You specify a lot of operation, but all of them are nothing else then insertion, removal and traversing:
can be initialized with an array of n objects in O(n).
n * O(1) insertion. HashMap is fine
one can obtain a random element in
O(1), after this operation the picked
element is removed from the structure.
(without replacement)
This is the only op that require O(n).
one can undo p 'picking without
replacement' operations in O(p)
it's an insertion operation: O(1).
one can remove a specific object (eg
by id) from the structure in O(log(n))
O(1).
one can obtain an array of the objects
currently in the structure in O(n).
you can traverse an HashMap in O(n)
EDIT:
example of picking up a random element in O(n):
HashMap map ....
int randomIntFromZeroToYouHashMapSize = ...
Collection collection = map.values();
Object[] values = collection.toArray();
values[randomIntFromZeroToYouHashMapSize];
Ok, same answer as 0verbose with a simple fix to get the O(1) random lookup. Create an array which stores the same n objects. Now, in the HashMap, store the pairs . For example, say your Objects (strings for simplicity) are:
{"abc" , "def", "ghi"}
Create an
List<String> array = ArrayList<String>("abc","def","ghi")
Create a HashMap map with the following values:
for (int i = 0; i < array.size(); i++)
{
map.put(array[i],i);
}
O(1) random lookup is easily achieved by picking any index in the array. The only complication that arises is when you delete an object. For that, do:
Find object in map. Get its array index. Lets call this index i (map.get(i)) - O(1)

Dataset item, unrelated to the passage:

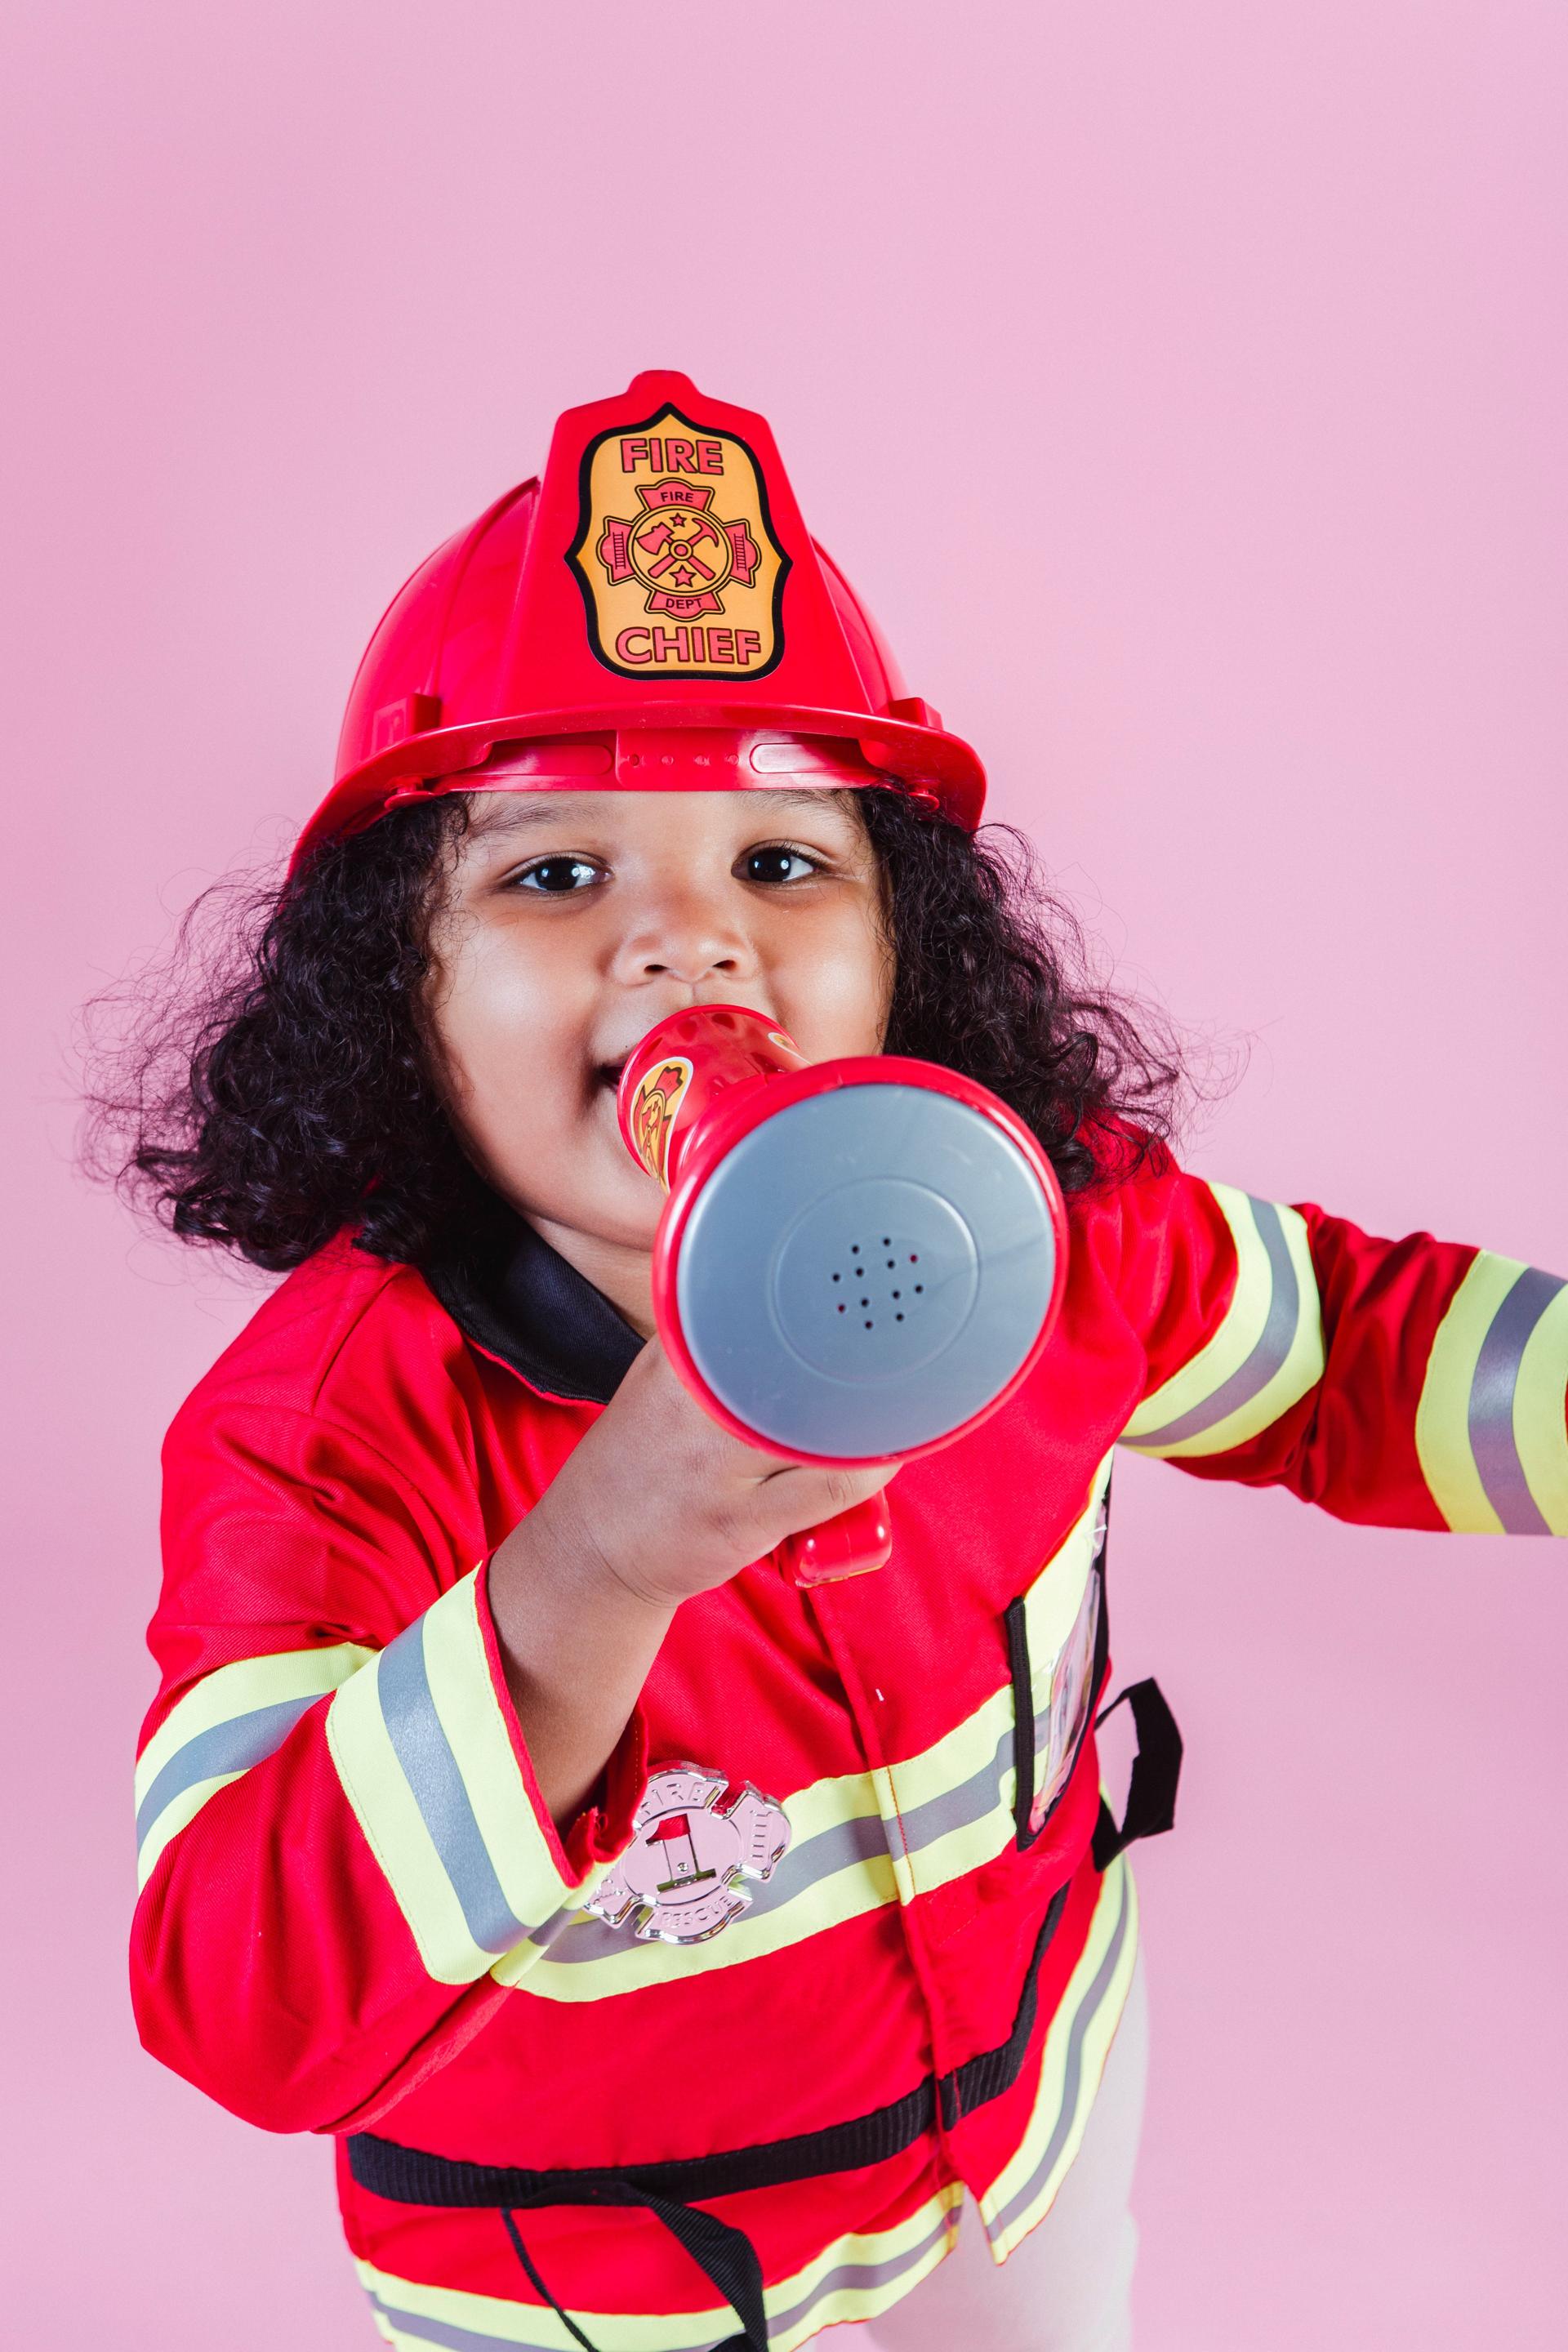 Wstępne wymagania i kwalifikacje kandydatów do straży pożarnej

Swap array[i] with array[size of array - 1] (the last element in the array). Reduce the size of the array by 1 (since there is one less number now) - O(1)
Update the index of the new object in position i of the array in map (map.put(array[i], i)) - O(1)
I apologize for the mix of java and cpp notation, hope this helps
Here's my analysis of using Collections.shuffle() on an ArrayList:
✔ can be initialized with an array of n objects in O(n).
Yes, although the cost is amortized unless n is known in advance.
✔ one can obtain a random element in O(1), after this operation the picked element is removed from the structure, without replacement.
Yes, choose the last element in the shuffled array; replace the array with a subList() of the remaining elements.
✔ one can undo p 'picking without replacement' operations in O(p).
Yes, append the element to the end of this list via add().
❍ one can remove a specific object (eg by id) from the structure in O(log(n)).
No, it looks like O(n).
✔ one can obtain an array of the objects currently in the structure in O(n).
Yes, using toArray() looks reasonable.
How about an array (or ArrayList) that's divided into "picked" and "unpicked"? You keep track of where the boundary is, and to pick, you generate a random index below the boundary, then (since you don't care about order), swap the item at that index with the last unpicked item, and decrement the boundary. To unpick, you just increment the boundary.
Update: Forgot about O(log(n)) removal. Not that hard, though, just a little memory-expensive, if you keep a HashMap of IDs to indices.
If you poke around on line you'll find various IndexedHashSet implementations that all work on more or less this principle -- an array or ArrayList plus a HashMap.
(I'd love to see a more elegant solution, though, if one exists.)
Update 2: Hmm... or does the actual removal become O(n) again, if you have to either recopy the arrays or shift them around?